Jean-Daniel Perkins, 37, was convicted of defrauding American Express, SunTrust Bank and hundreds of credit card holders, the U.S. Attorney’s Office said in a news release. The charges against him included bank fraud, credit card fraud and aggravated identity theft.
“This defendant was a habitual fraudster and a world-class manipulator,” U.S. Attorney Sally Quillian Yates said in the statement. “He bought, sold, and traded in other people’s personal information to enrich himself, and he tried to manipulate the court system to his own advantage.”
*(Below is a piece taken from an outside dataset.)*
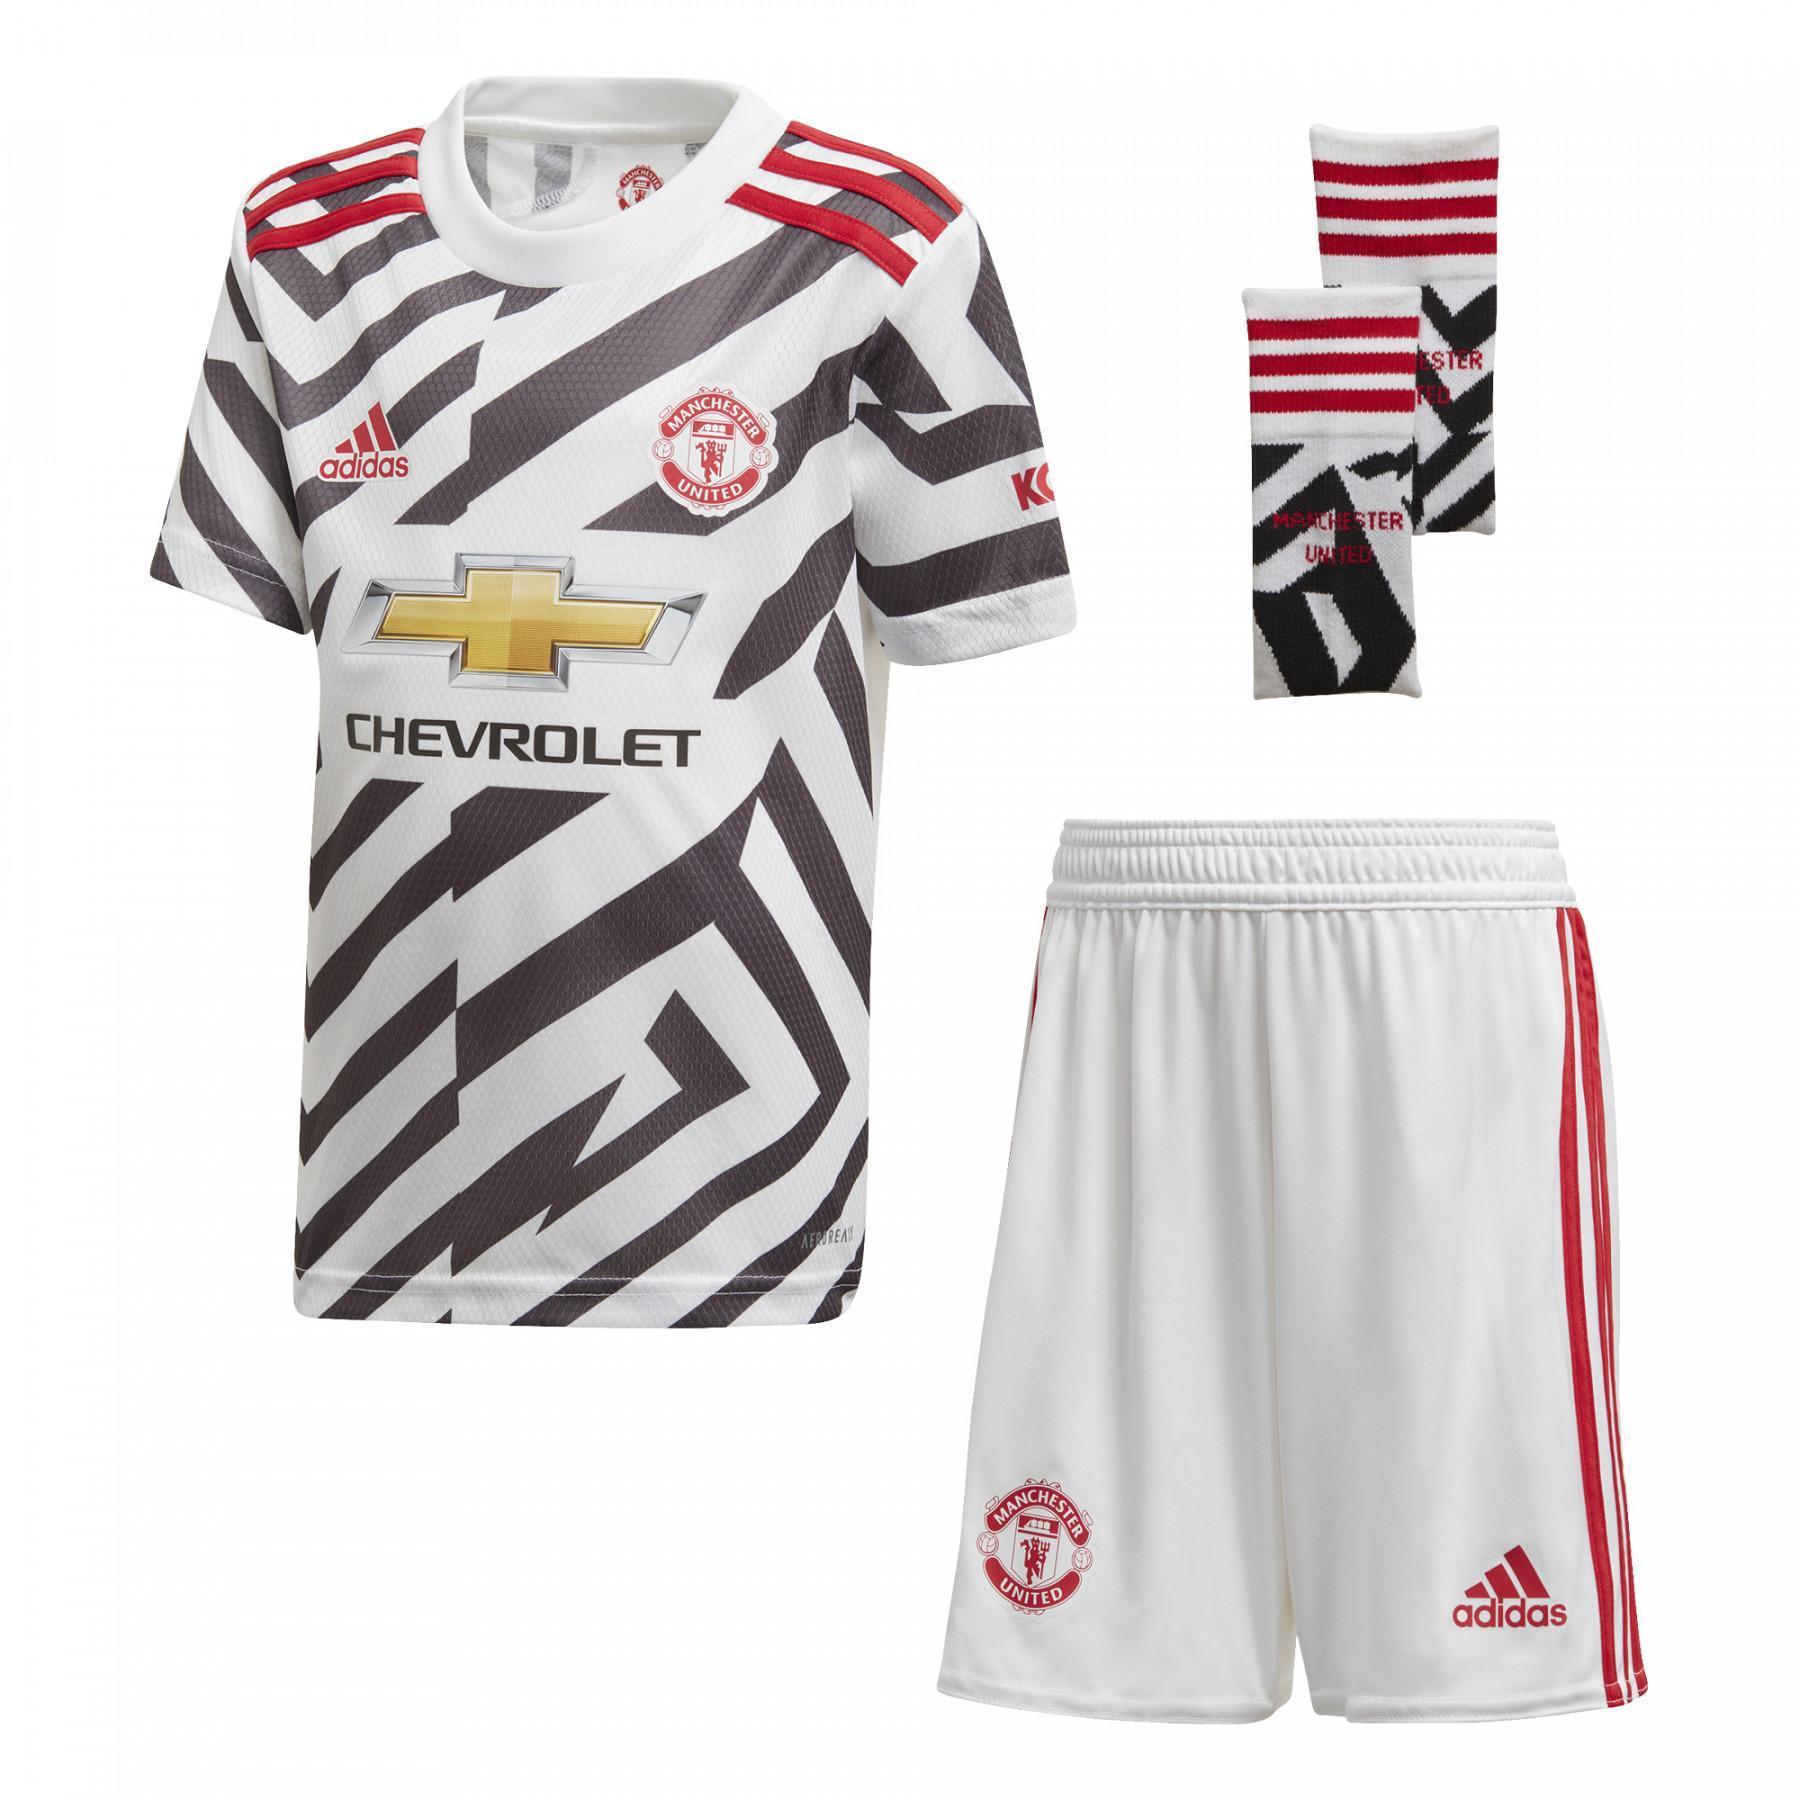 Mini-kit tredje Manchester United 2020/21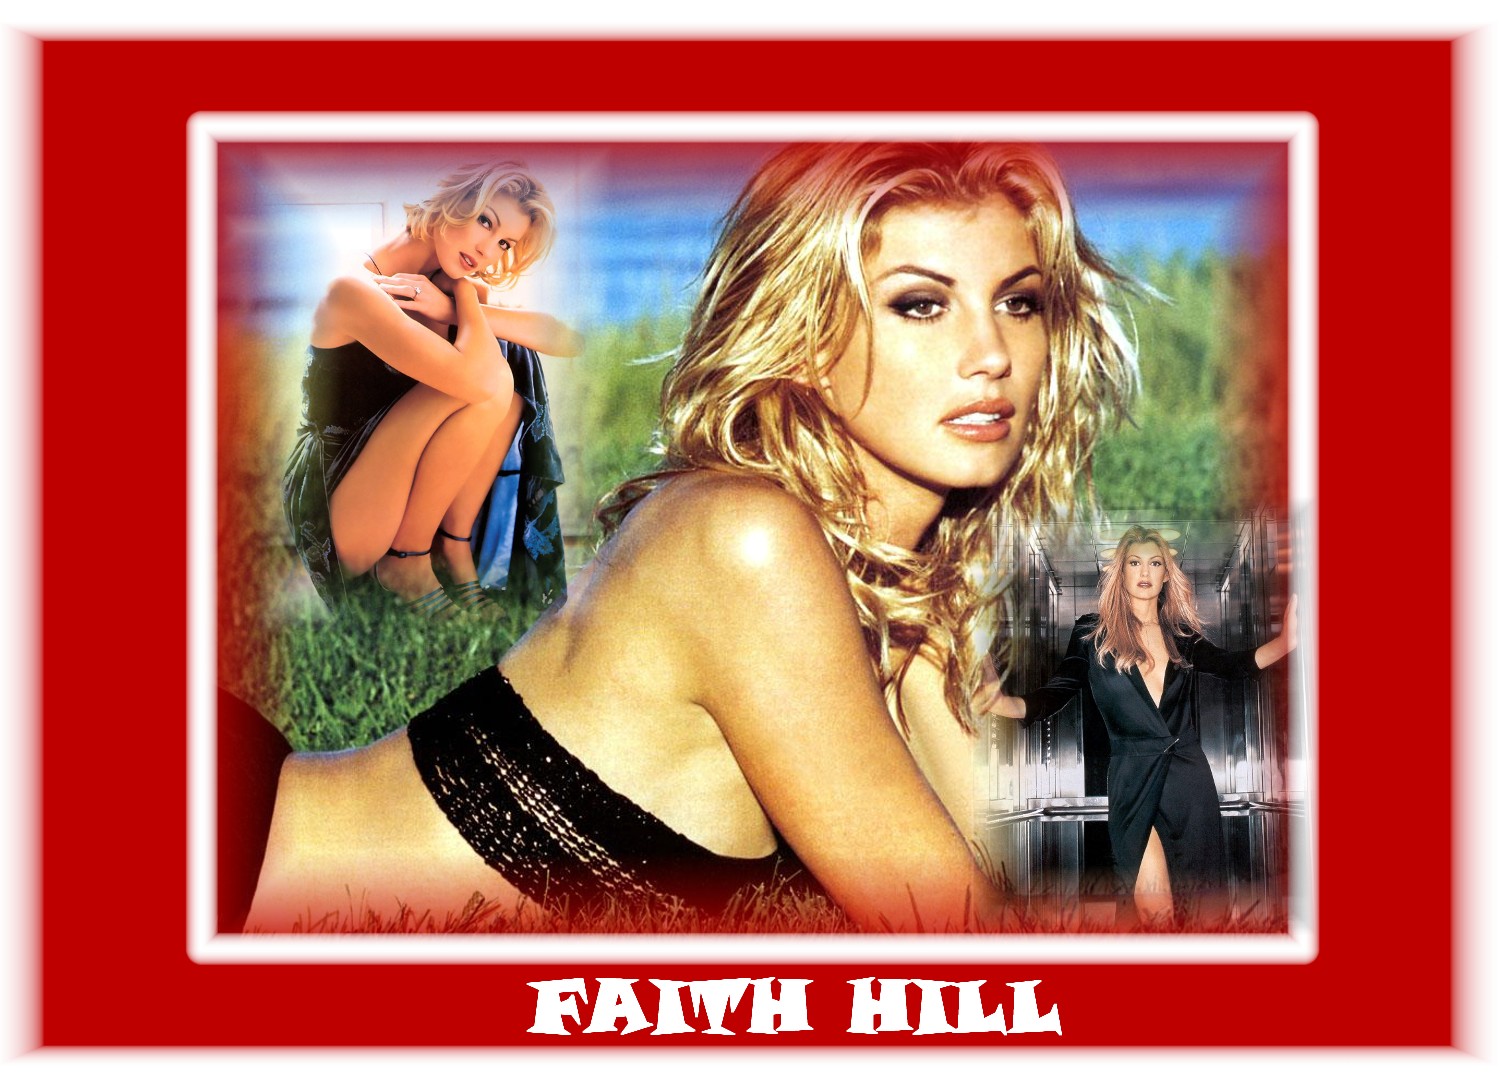 Faith hill 17

U.S. District Judge Julie E. Carnes pronounced the sentence on a “tentative” basis because Perkins refused to attend the hearing, the U.S. Attorney’s Office said. He also refused to meet with his lawyer to discuss the potential sentence. Perkins has 30 days to file any objections to the sentence before it becomes final.
Prosecutors said Perkins ran several schemes from November 2008 through February 2010, among them:
- He encoded credit cards with the account data purchased from a source in the Ukraine and used the cards.
- He obtained internal SunTrust account information and impersonated account holders to transfer money from their accounts to ones he controlled, including transferring more than $3.5 million while pretending to be the president of a construction company; SunTrust recovered that money.
- He set up fake merchant accounts with American Express to allow him to accept credit cards as payment for nonexistent goods and services, then used stolen account information for hundreds of card holders to run fraudulent transactions.
Law enforcement officials seized hundreds of counterfeit credit cards and the items used to make them, authorities said. Perkins had approximately 100,000 credit card numbers on his digital devices, they said.
Perkins was convicted in June 2012 after a five-day jury trial that he viewed via a live video and audio feed while staying in a cell at the courthouse.
He must pay more than $500,000 in restitution. After his prison time, he must serve five years of supervised release.